A half century or so ago, Congress passed something called the River and Harbor Act of 1956 that authorized the construction of the Mississippi River-Gulf Outlet Canal or, "Mr. Go," as it is referred to by the folks living in New Orleans. The purpose of the canal was to provide a more direct route from the inner harbor of New Orleans to the Gulf of Mexico than the winding, twisting Mississippi River. Construction was completed in 1965.
But things didn't go as planned. Erosion widened the canal from its original 650 feet to its present average width of 1,500 feet. Not only that, the canal is not even being used. On average, one ocean-going vessel a day uses the short cut, which costs $13 million a year to maintain. But that's not all.
Three months before Hurricane Katrina struck, Hassan Mashriqui, a storm surge expert at Louisiana State University called Mr. Go a "critical and fundamental flaw" in the hurricane defenses prepared by the U.S. Army Corps of Engineers. After Katrina struck, an engineering investigation and computer modeling revealed Mr. Go intensified the initial surge of water by 20 percent, raised the height of the wall of water by three feet and increased the velocity of the surge from three per second to eight feet per second. "Without MRGO, the flooding would have been a lot less," Mashriqui says. "The levees might have been overtopped, but they wouldn't have been washed away." Levees along Mr. Go were breached in 20 places along its length during Katrina, directly flooding most of Saint Bernard Parish and East New Orleans. The storm surge along Mr. Go is also said to be the cause of the three breaches in the Industrial Canal.
Here's where the plot thickens. It's almost impossible to sue the federal government over collapsing levees. Something called the Flood Control Act of 1928 prohibits suits against the United States for damages resulting from floods or flood waters. However, last month U.S. District Court Judge Stanley R. Duval Jr., who ruled in January 2008 that the Corps of Engineers was immune in a federal lawsuit directly related to the levees and flood wall failures during Katrina, has now said he will hear a suit by property owners on the canal's contributions to the flooding. He based his decision on Graci v. United States, a 1971 ruling that said there is no immunity for flooding caused by a federal project unrelated to flood control. And Judge Duval ruled, Mr. Go was built for navigation, not for flood control.
Which brings me back to our local Trinity River toll road which is being built for transportation, not for flood control.
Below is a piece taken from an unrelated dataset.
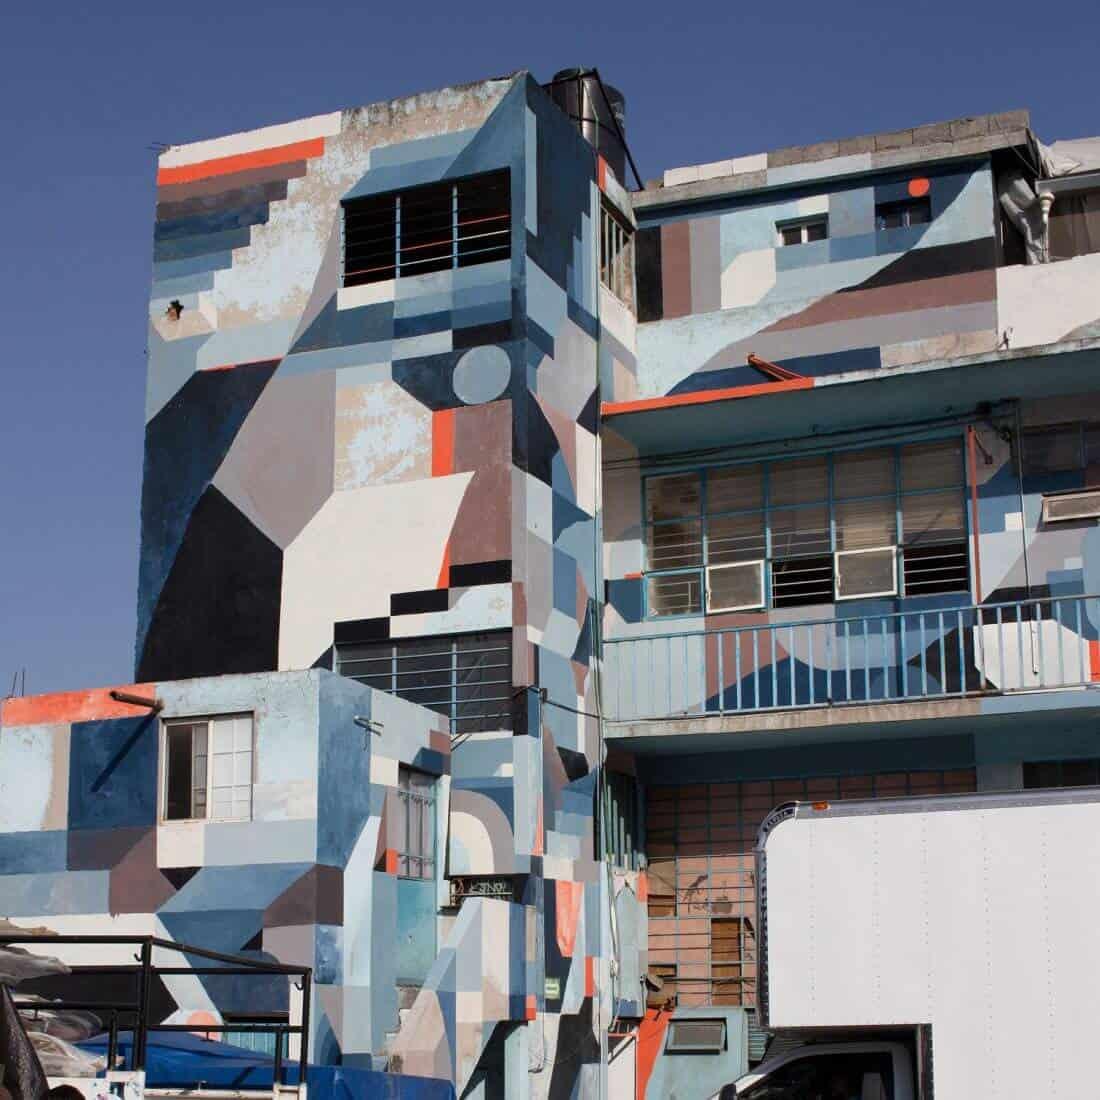 kunst en grafitti
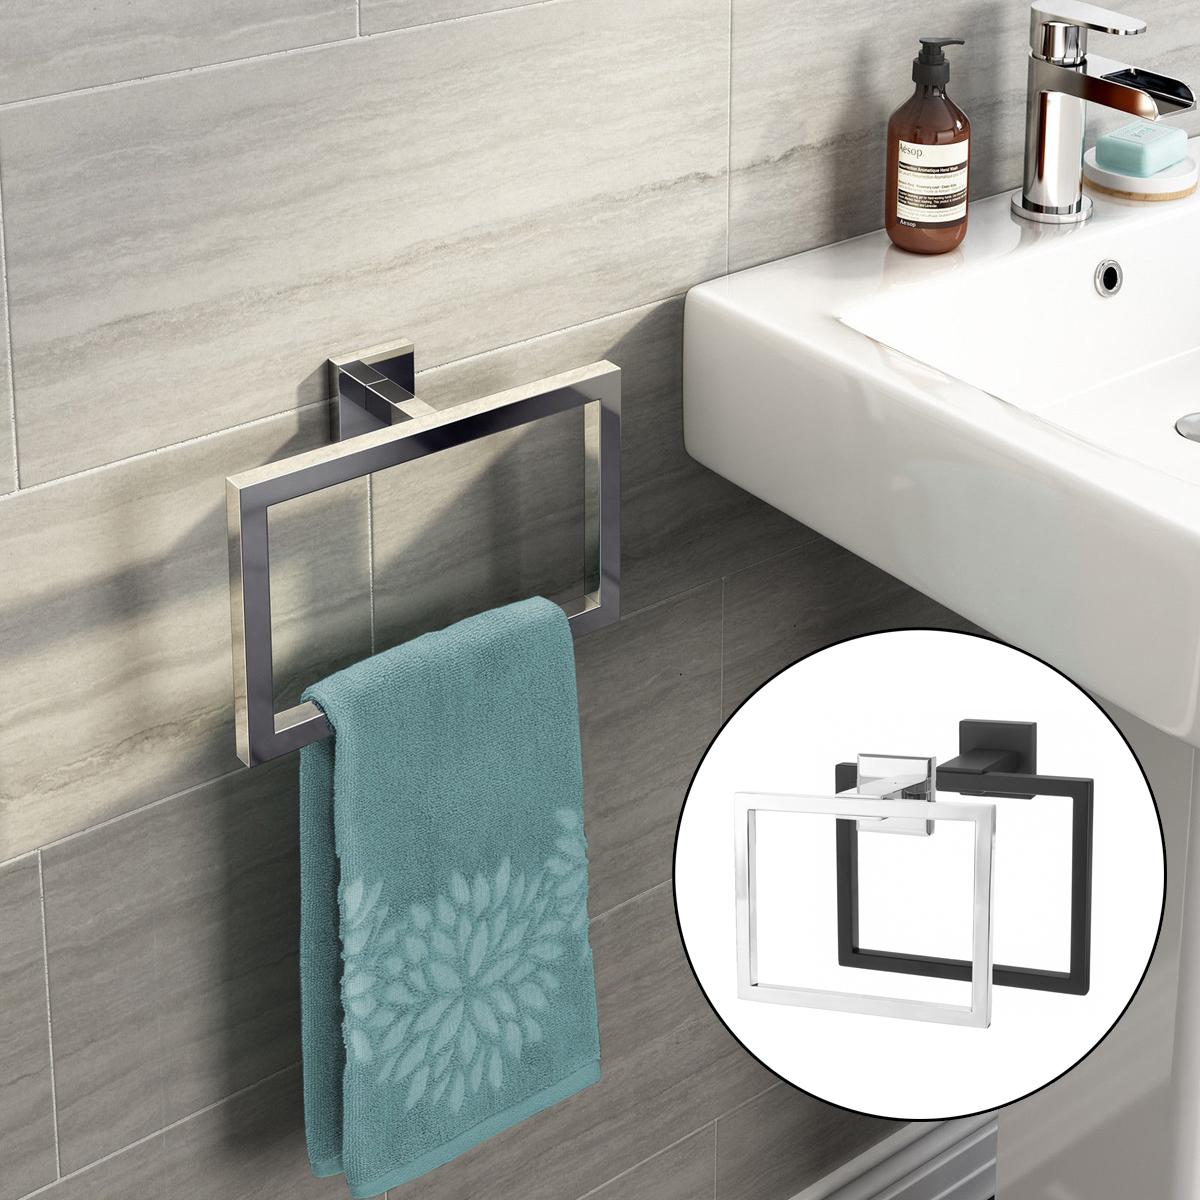 Хром Современный Ванная комната Аксессуары для стен Квадрат Полотенце Стойка с кольцевым держателем

We've already heard from the Corps that our levees are unacceptable. Using the Mr. Go precedent, couldn't the Corps consider the toll road a potential legal liability just waiting to happen? I know if I was an attorney advising the Corps, I would be hesitant in telling it to give an OK to the toll road inside the Trinity River levees.
Mr. Go, meanwhile, is coming to a stop. Late last year, the Corps began dumping rocks into the channel to permanently dam it. It is expected to be completely closed by this summer.